The soft resin 8 is made of, for example, a gel resin such as a silicone resin, and has high insulation and heat resistance. Furthermore, since the elastic modulus of the soft resin 8 is 10 ⁶ N / m ² or less and is softer than the hard resin 7, the residual stress caused by the sealing resin in the power semiconductor module housing can be reduced. Note that the soft resin 8 is not limited to a silicone-based resin, and may be any gel-like resin having insulating properties and heat resistance, such as polyimide resin, polyamide resin, epoxy resin, phenol resin, amino resin, and a mixture thereof Resin can also be used.

  As shown in FIG. 1, in this embodiment, the end of the insulating plate 4, the end of the circuit board 3 adjacent to the end of the insulating plate 4, the end of the metal plate 5 adjacent to the end of the insulating plate 4, and the semiconductor The front surface of the element 1 and the connection member 9 are integrally covered with the hard resin 7. That is, not only the triple point Y (the point where the insulating plate 4 and the end of the circuit board 3 and the sealing resin are in contact), but also the end of the insulating plate 4 and the triple point X (the insulating plate 4 and the metal plate 5). The point where the end and the sealing resin are in contact with each other) is also covered with the hard resin 7. Thereby, the progress of the discharge tree can be suppressed at any of the triple points X and Y where the electric field concentrates. Furthermore, creeping damage that connects the end of the circuit board 3 to the end of the metal plate 5 through the end of the insulating plate 4 can be prevented.

  Further, the semiconductor element 1 and the connection member 9 to which a high voltage is applied are also integrally covered with the hard resin 7. In this way, since a member in the casing to which a high voltage is applied can be integrally covered with the hard resin 7 without separately providing a sealing step with a resin, it is possible to further increase the withstand voltage without increasing the cost. It becomes. Thus, in this embodiment, it is possible to realize a higher withstand voltage characteristic than the conventional examples shown in FIG. 6 and FIG.

  Further, unlike the conventional example shown in FIG. 7, a soft resin 8 covering the hard resin 7 is simultaneously used. Thus, since the usage-amount of the hard resin 7 in the sealing resin in a housing | casing is reduced, the residual stress resulting from the sealing resin in a power semiconductor module housing | casing can be reduced. For this reason, generation | occurrence | production of the interface peeling between sealing resin and another structural member and generation | occurrence | production of the crack of sealing resin itself can be prevented.

  Thus, since it is possible to achieve both high withstand voltage characteristics and low residual stress, a power semiconductor module having high reliability can be realized.

  Next, the manufacturing process of the power semiconductor module according to the first embodiment will be described.

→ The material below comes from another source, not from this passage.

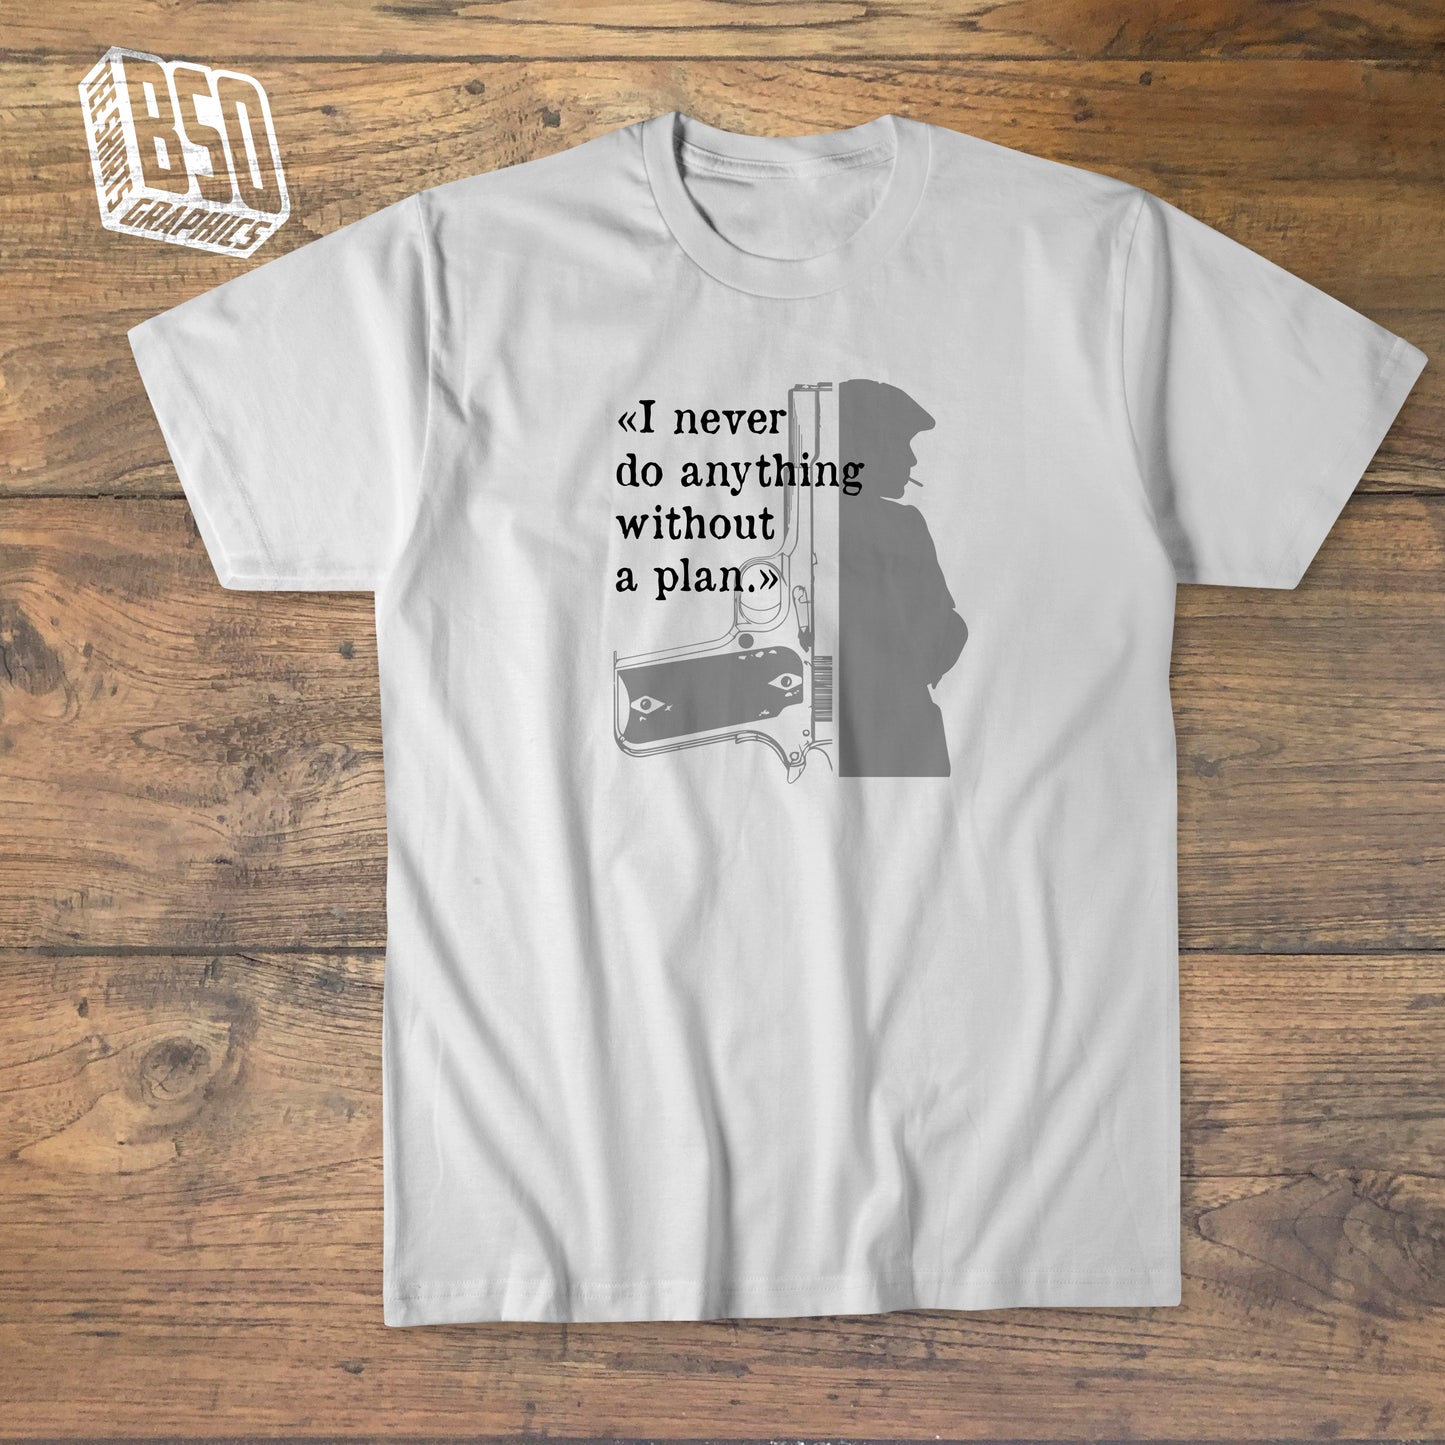 Tee-shirt "Peaky Blinders - I never do anything without a plan"

  After the insulating circuit board 2 is bonded to the base plate 6 and the semiconductor element 1 is bonded to the insulating circuit board 2 with a bonding material, the connection member 9 and the external terminal 10 are connected to the semiconductor element 1 and the circuit board 3 with solder, ultrasonic waves, or the like. Join. When the connection member 9 and the external terminal 10 are joined by soldering, it is possible to join the semiconductor element 1 and the insulated circuit board 2 at the same time.

  Next, the frame-shaped case 11 is bonded to the outer edge of the main surface of the base plate 6 with an adhesive.

  After the case 11 is bonded, for example, an epoxy thermosetting resin is injected as the hard resin 7 to a height at which the connection member 9 in the casing is covered, and is cured by heat treatment. At this time, the insulated circuit board 2 is all covered with the hard resin 7 except for the portion where the base plate 6, the semiconductor element 1, the connection member 9 and the external terminal 10 are joined. The hard resin 7 fills the space between the metal plate 5 and the case 11 and seals the inside of the housing so as to contact the inner wall of the case 11.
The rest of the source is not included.